#### PROBLEM STATEMENT:
Every entry, from first to last, must be written out exactly.

#### Source data:
★ ★ ★ ★ ★ ★ ★

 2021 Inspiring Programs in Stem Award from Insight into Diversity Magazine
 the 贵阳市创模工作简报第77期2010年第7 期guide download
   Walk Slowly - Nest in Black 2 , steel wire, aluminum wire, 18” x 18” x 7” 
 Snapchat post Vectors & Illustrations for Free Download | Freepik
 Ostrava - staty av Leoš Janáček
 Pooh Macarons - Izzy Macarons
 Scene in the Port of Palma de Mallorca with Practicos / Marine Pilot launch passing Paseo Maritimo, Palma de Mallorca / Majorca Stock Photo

★ ★ ★ ★ ★ ★ ★

#### SOLUTION TO THIS EXERCISE:
 2021 Inspiring Programs in Stem Award from Insight into Diversity Magazine
 the 贵阳市创模工作简报第77期2010年第7 期guide download
   Walk Slowly - Nest in Black 2 , steel wire, aluminum wire, 18” x 18” x 7” 
 Snapchat post Vectors & Illustrations for Free Download | Freepik
 Ostrava - staty av Leoš Janáček
 Pooh Macarons - Izzy Macarons
 Scene in the Port of Palma de Mallorca with Practicos / Marine Pilot launch passing Paseo Maritimo, Palma de Mallorca / Majorca Stock Photo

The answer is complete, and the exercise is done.